LREM et MoDem ont voté pour, socialistes, communistes et Insoumis unanimement contre, comme les LR à une abstention près. Chez les Constructifs LR-UDI, une majorité s'est abstenue.

En 2018, la France devrait sortir de la procédure de déficit excessif, où elle se trouve depuis 2009, avec un déficit public de 2,8% du PIB, après 2,9% attendus en 2017. L'exécutif mise notamment sur 15 milliards d'économies annoncées sur l'Etat, la Sécurité sociale et les collectivités locales.

"Nous mettons en œuvre notre projet de transformation, tout en respectant notre principe de sérieux budgétaire", a salué le chef de file des députés LREM Richard Ferrand (ex-PS), saluant "un acte fondateur" du quinquennat.

Alors que les opposants, gauche en tête, n'ont cessé de dénoncer un budget pour "les riches", ce fidèle d'Emmanuel Macron a défendu "un budget équilibré qui rémunère mieux le travail et stimule l’investissement".

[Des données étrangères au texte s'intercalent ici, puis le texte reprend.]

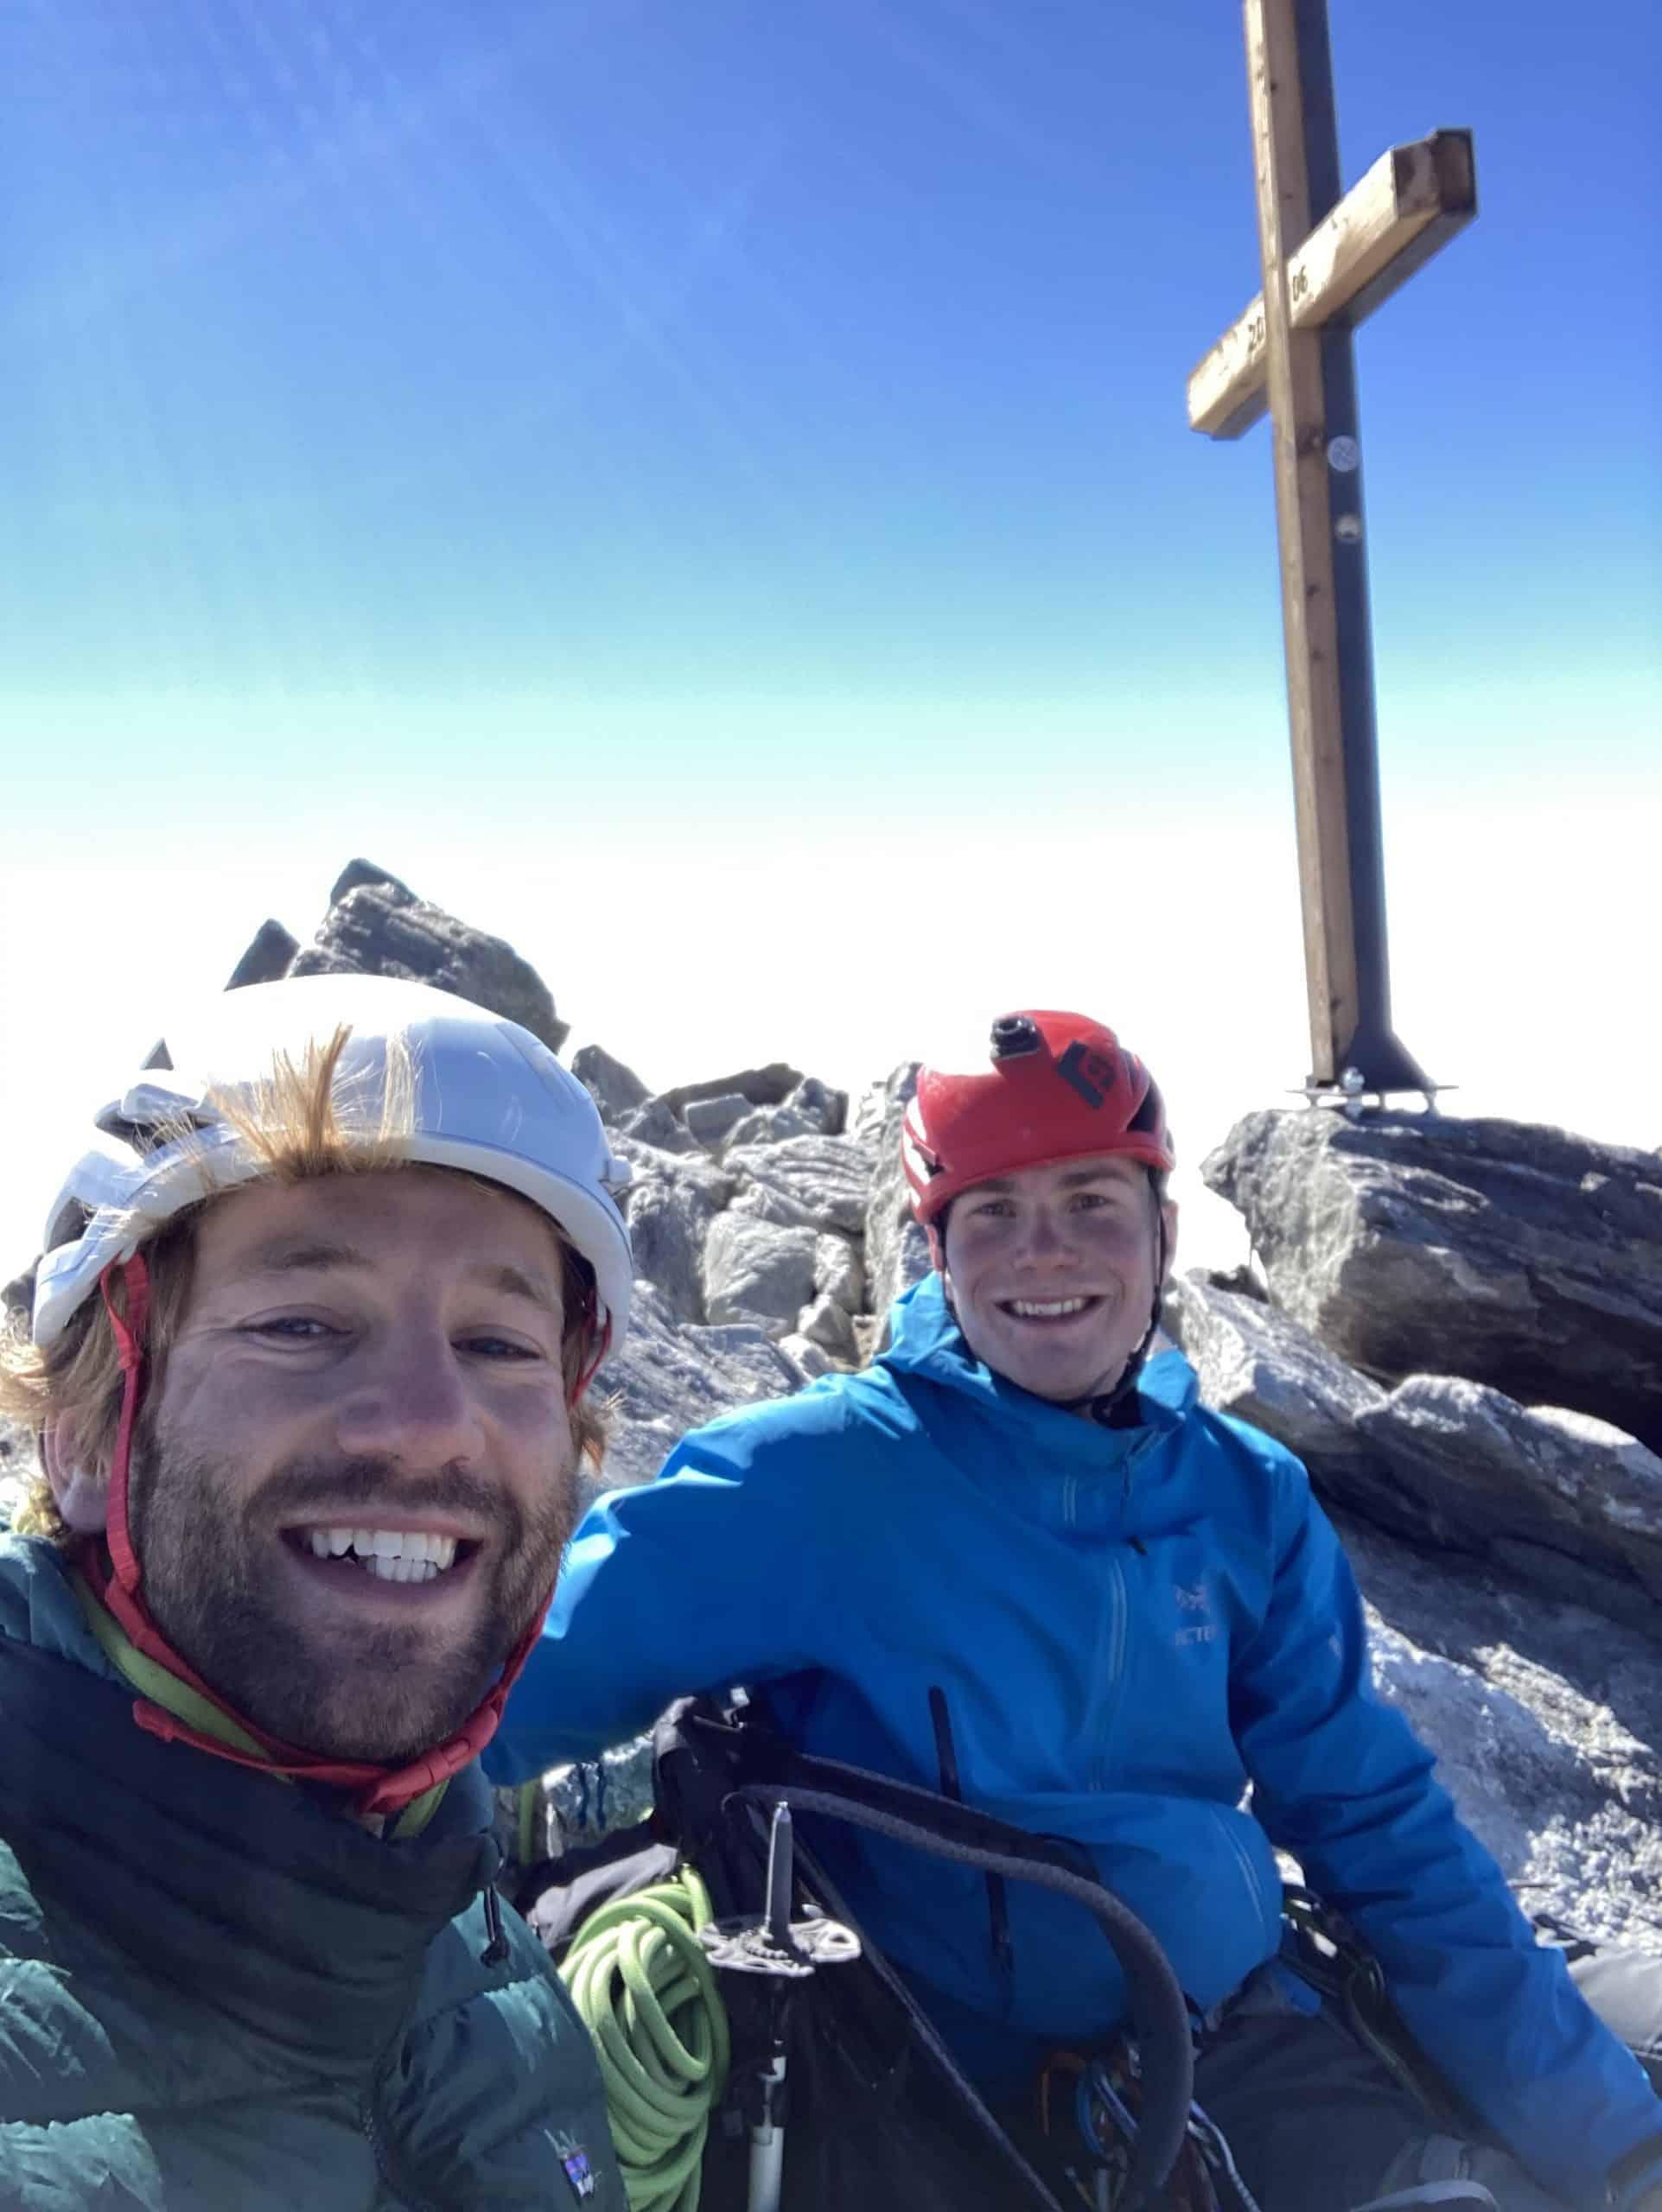 IMG 6145 1 scaled - Lagginhorn - Gipfelglück im zweiten Versuch?

Socialistes, communistes ou Insoumis ont continué d'opposer les coupes sur les aides au logement ou contrats aidés à la réforme de l'ISF et au prélèvement forfaitaire unique de 30% sur les revenus du capital ("flat tax").

"Jamais un gouvernement n'a donné autant de cadeaux aux plus riches", a dénoncé Fabien Roussel (PCF), pour lequel "les travailleurs, les ouvriers, les fonctionnaires, les retraités" vont "trinquer". Fustigeant un budget "brutal pour les Français, excellent pour le Medef", Eric Coquerel (LFI) a qualifié "la suppression de 250.000 contrats aidés" de "plus grand plan de licenciements de l'Histoire".

- Un "pari" contesté -

"Pas de soutien à la croissance, pas d'investissement, pas de réduction des inégalités", a fustigé Valérie Rabault (PS).

La majorité fait, elle, le "pari" que la réforme de l'épargne incitera les plus aisés à investir dans l'économie "productive" et les PME plutôt que dans la pierre.

A l'unisson de LREM, le MoDem Jean-Noël Barrot a défendu un budget "qui revalorise le travail". "Tous les salariés verront leur rémunération augmenter cette année. 4 Français sur 5 se verront exonérer de la taxe d’habitation d’ici 3 ans. Les plus fragiles se verront protégés par la revalorisation des minima vieillesse, de l’allocation adulte handicapé, de la prime d’activité", a-t-il clamé.

Dénonçant "des choix au détriment du monde rural" ou des "périphéries", LR a justifié son opposition par la défense des retraités face à la hausse de la CSG ou des automobilistes face à l'augmentation du prix du diesel. Le groupe compte saisir le Conseil constitutionnel de la suppression de la taxe d'habitation, "qui va à l'encontre de l'autonomie des collectivités locales", selon son président Christian Jacob.

Après ces 151 heures de débat et 2.500 amendements examinés en séance, dont 333 adoptés, le marathon va continuer. Après son passage au Sénat, où la majorité de droite fera une version partiellement corrigée, le projet de loi de finances reviendra en nouvelle lecture, puis en lecture définitive d'ici à Noël.

Dans l'intervalle, les députés reprendront et achèveront les discussions sur le budget de la Sécu, voteront la loi de finance rectificative de fin d'année, après celle déjà adoptée sur la surtaxe de grandes sociétés pour compenser la censure de la taxe sur les dividendes.

Un marathon dont se plaignent notamment des novices de la majorité, qui dénoncent "débats répétitifs" et multiplication de séances au-delà de 1H00 du matin, notamment pour l'étude des crédits des 25 "missions" budgétaires.

"On arrive à bout d'un système", selon la chef de file LREM de la commission des Finances Amélie de Montchalin.